Askari: A Story of Collaboration and Betrayal in the Anti-Apartheid Struggle
- First edition cover
- Author: Jacob Dlamini
- Language: English
- Subject: South African liberation history
- Genre: History; Biography;
- Publisher: Jacana Media (2014, South Africa); Hurst & Company (2015, United Kingdom); Oxford University Press (2015, United States);
- Publication date: 2014
- Publication place: South Africa
- Media type: Print (hardcover, paperback)
- Awards: Sunday Times Alan Paton Award (2015)
- ISBN: 9781431409754

= Askari: A Story of Collaboration and Betrayal in the Anti-Apartheid Struggle =

South African biography, first published in 2014

Askari: A Story of Collaboration and Betrayal in the Anti-Apartheid Struggle is a nonfiction book by South African historian Jacob Dlamini. The book examines the life and actions of Glory Sedibe, also known as “Comrade September", a prominent member of the African National Congress (ANC) and its military wing, Umkhonto we Sizwe (MK) in exile in the 1980s, who became an askari - a term used in apartheid South Africa for former liberation movement members who collaborated with the state’s security forces.

==Plot==
The book focuses on Glory Sedibe’s abduction in August 1986 from exile in Swaziland by an apartheid police unit known as the Security Branch. It also focus on his torture and interrogation and eventually his collaboration with the police.

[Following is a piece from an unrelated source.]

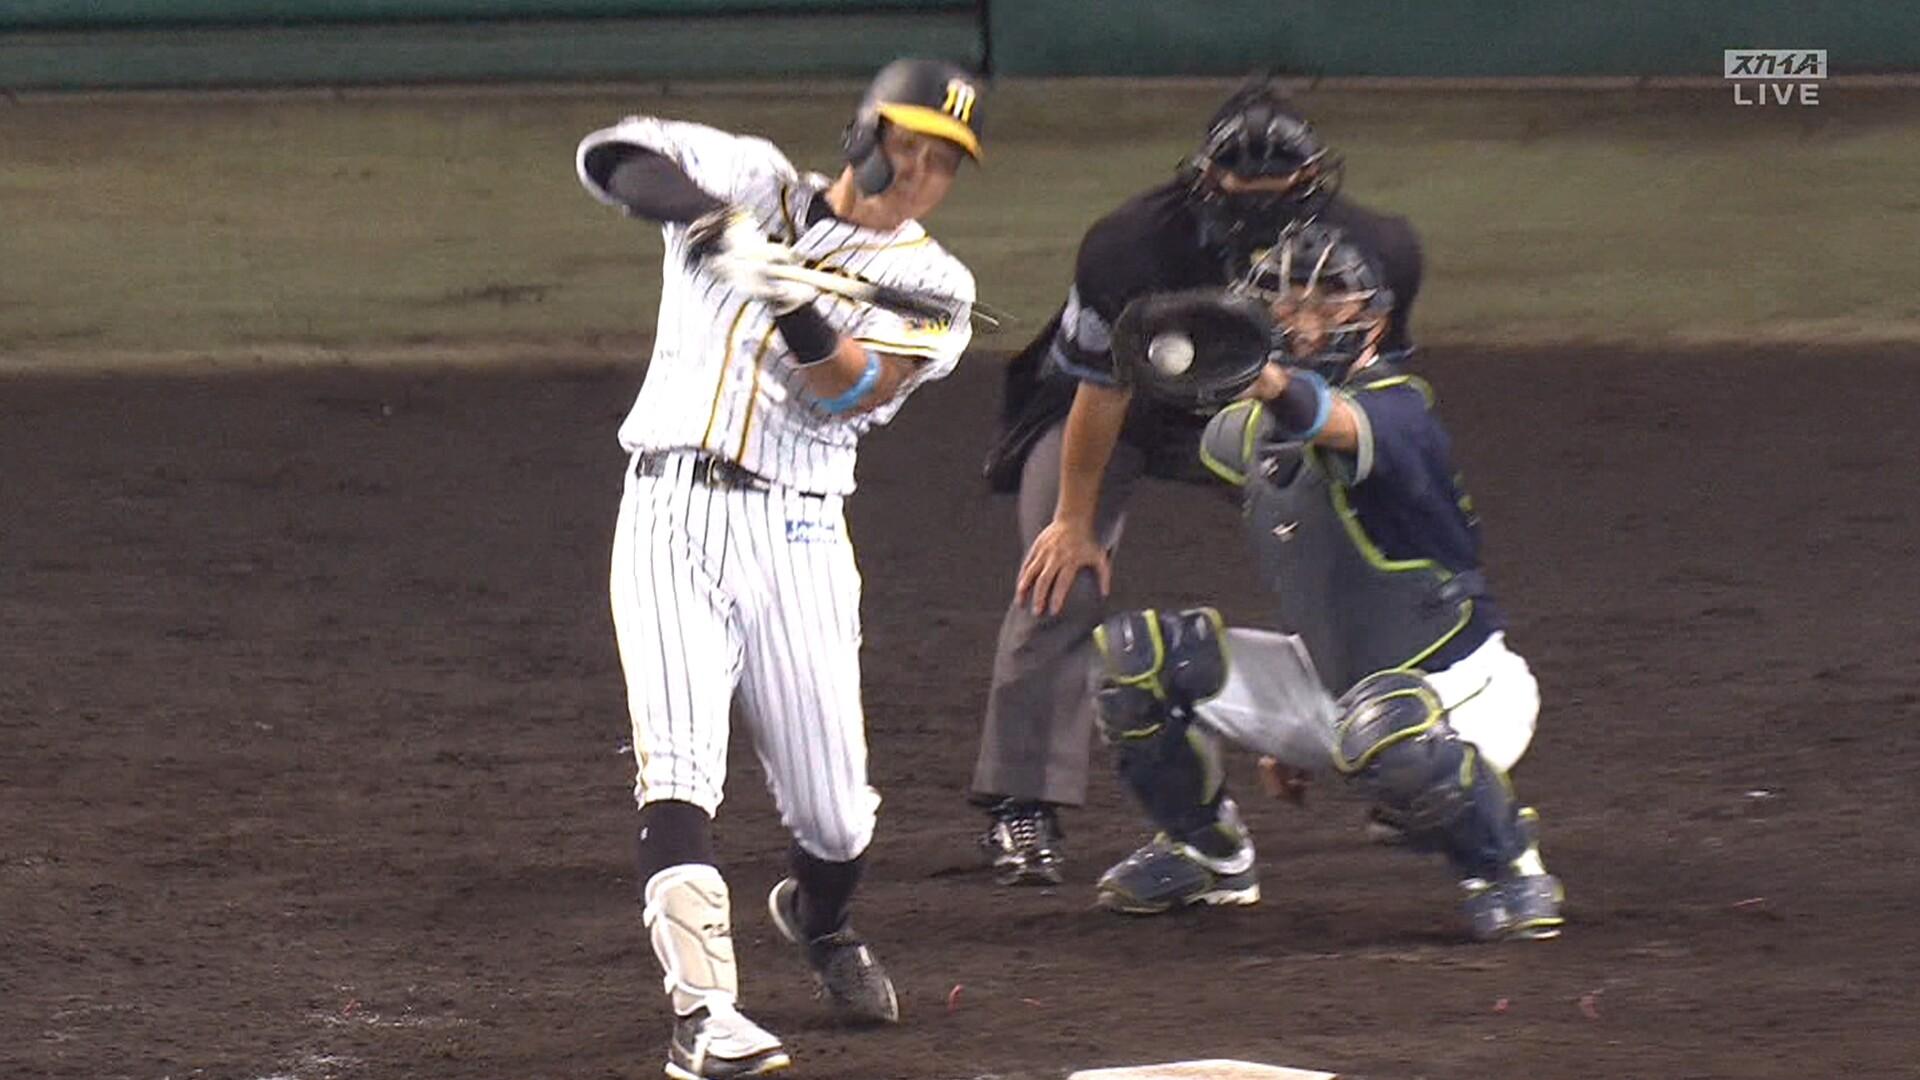 佐藤輝明、35打席連続ノーヒット 球団日本人最多の151三振

Jacob Dlamini uses Sedibe’s life story to show the complexities in the struggle against apartheid and the systematic fermentation of betrayal and collaboration amongst comrades. According to Wendell Moore:
The book highlights just how far a coercive state can go to protect its system but, more importantly, what individuals will do in order to survive it.

Sedibe, undergoing extreme torture, provided police with key information that led to the deaths and arrests of former comrades and soon took up a paying job with the Security Branch as an askari or what the state called a "rehabilitated terrorist", stationed at Vlakplaas with Eugene de Kock and was feared by his former comrades.

== Reception ==
Askari was first published in South Africa by Jacana Media in 2014 and later internationally by Hurst & Company (UK) in 2015 and Oxford University Press in the United States. In June 2015, the book won the Sunday Times Alan Paton Award, one of South Africa’s premier literary honours for non-fiction writing.